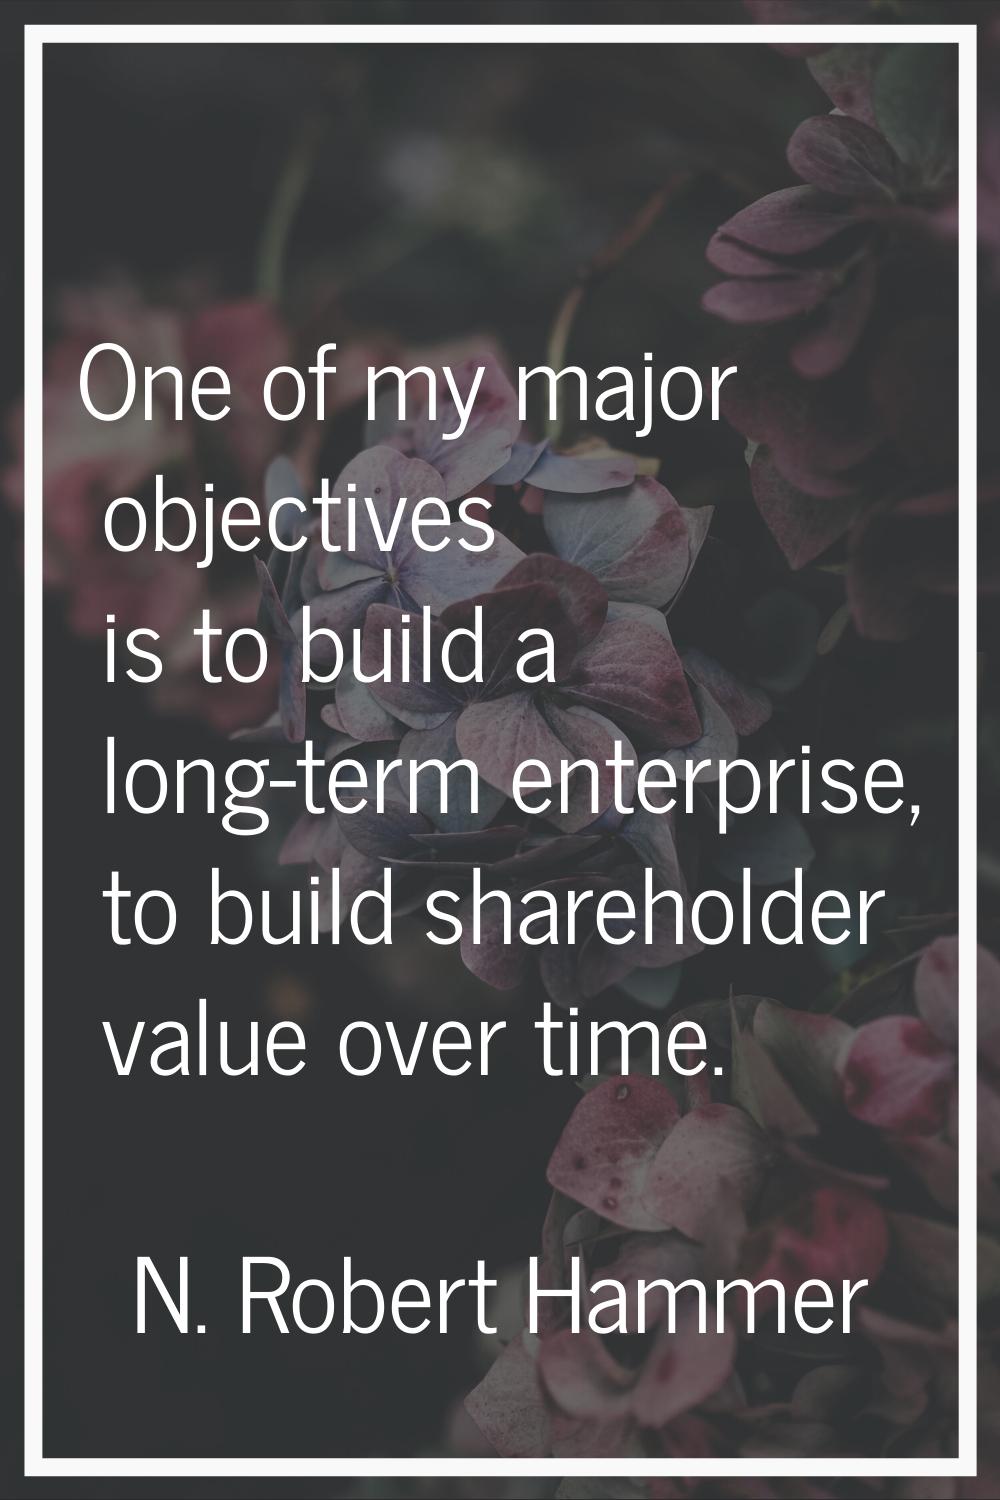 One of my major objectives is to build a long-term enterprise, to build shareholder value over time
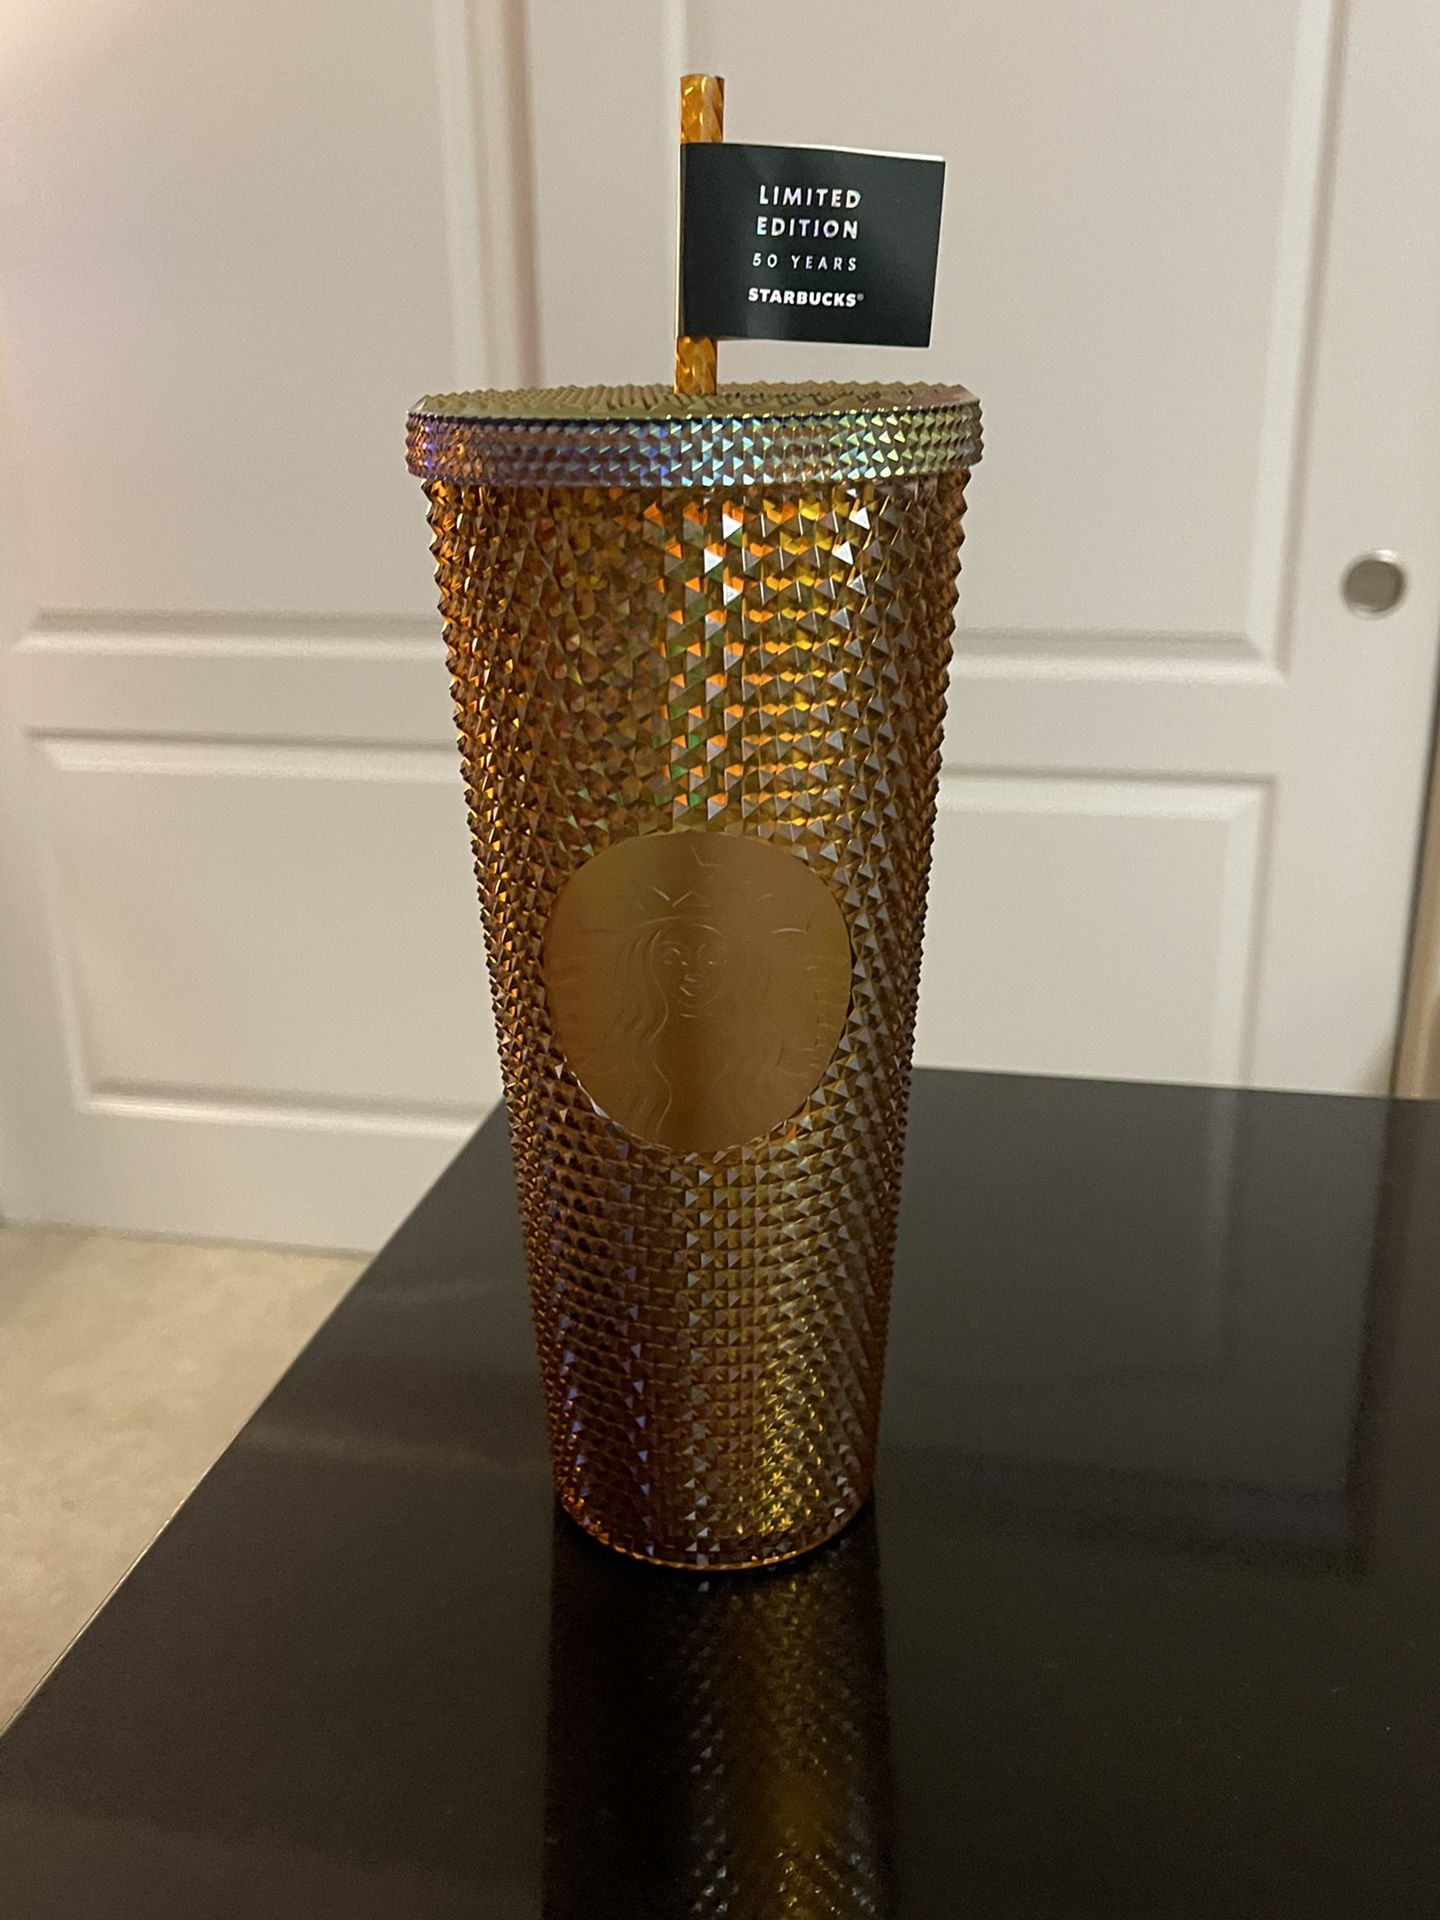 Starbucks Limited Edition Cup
====================
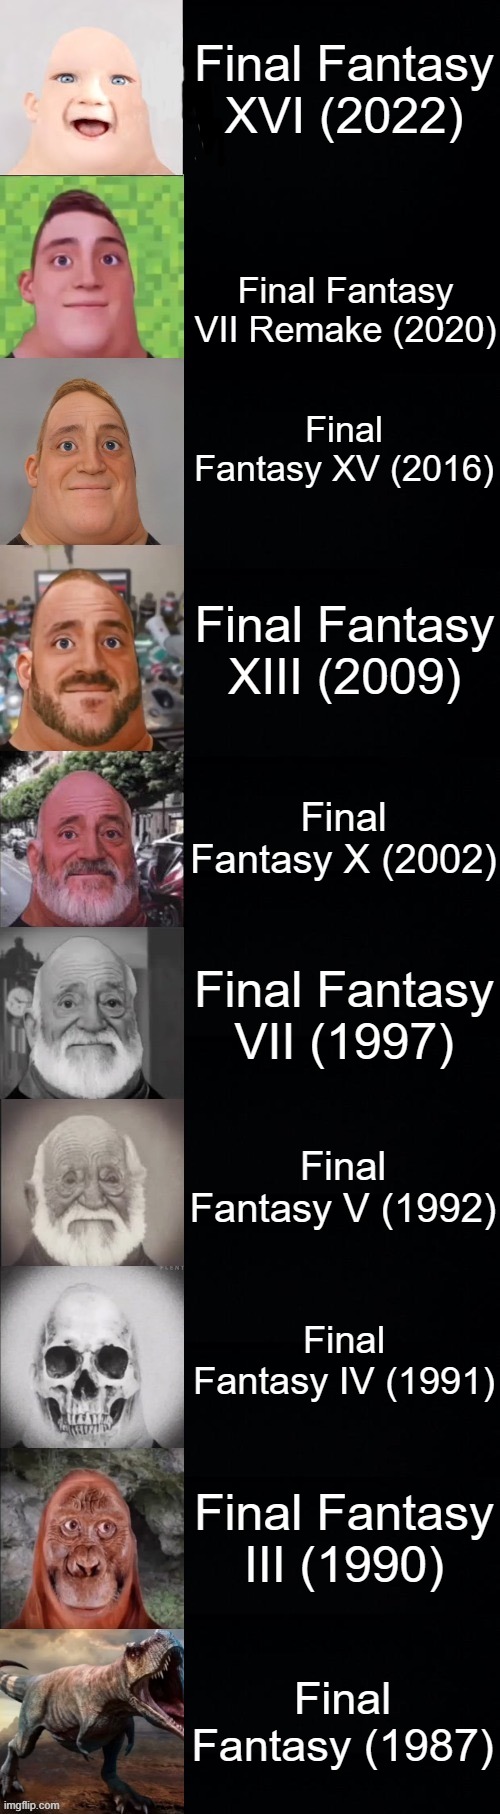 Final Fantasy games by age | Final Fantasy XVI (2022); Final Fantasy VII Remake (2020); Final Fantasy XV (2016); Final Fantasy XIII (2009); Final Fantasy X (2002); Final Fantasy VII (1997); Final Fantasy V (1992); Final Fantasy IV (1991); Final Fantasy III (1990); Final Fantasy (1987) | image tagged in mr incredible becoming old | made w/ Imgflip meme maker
====================
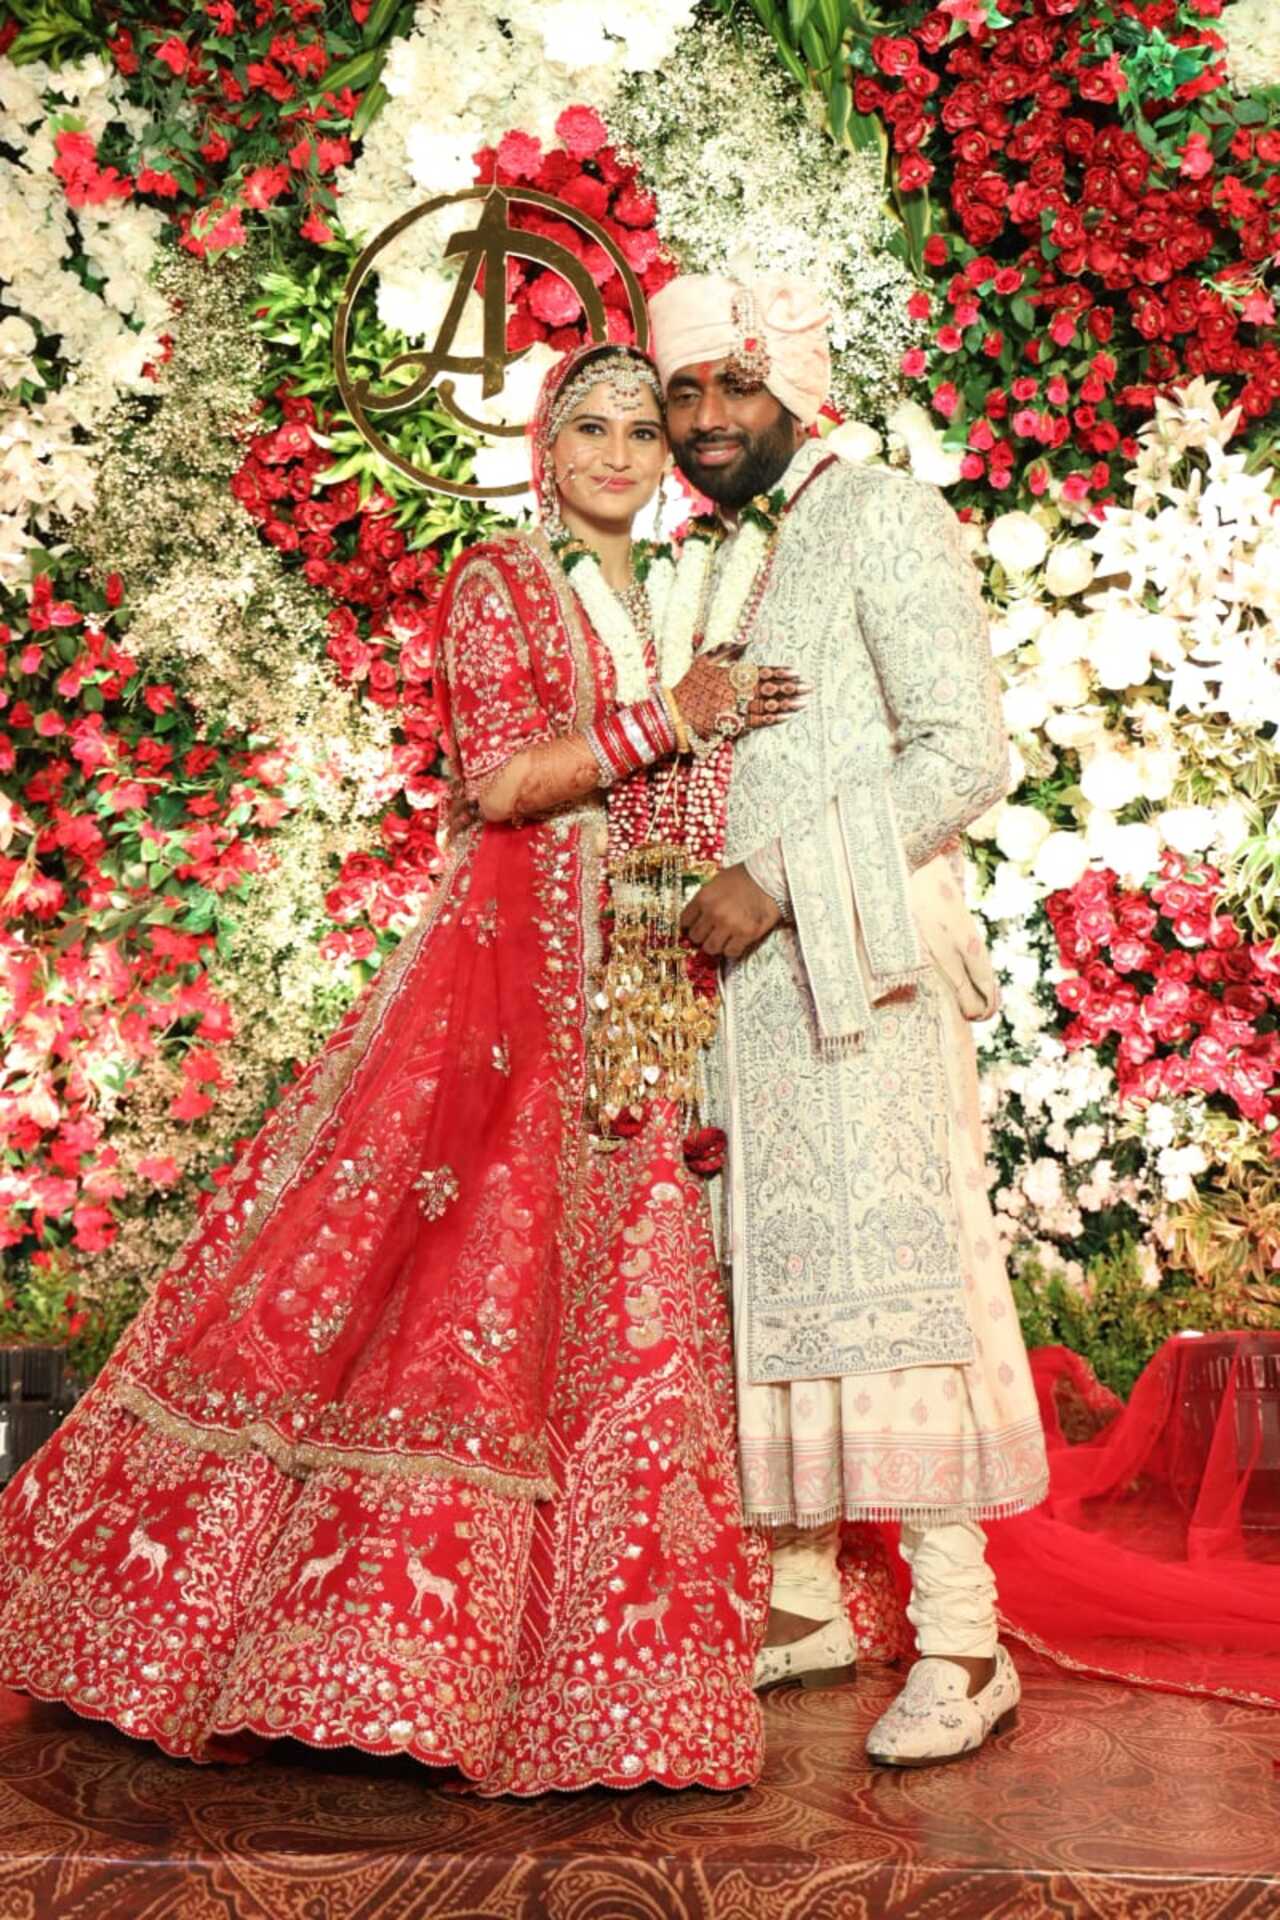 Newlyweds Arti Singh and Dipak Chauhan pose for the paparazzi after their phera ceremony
====================
- _Task statement_: Return exactly the lines above, from the one with "One of my major" up to and including the one with "Starbucks Limited Edition Cup", and include no pictures.

- _Output_:
 One of my major objectives is to build a long-term enterprise, to build shareholder value over time
 Starbucks Limited Edition Cup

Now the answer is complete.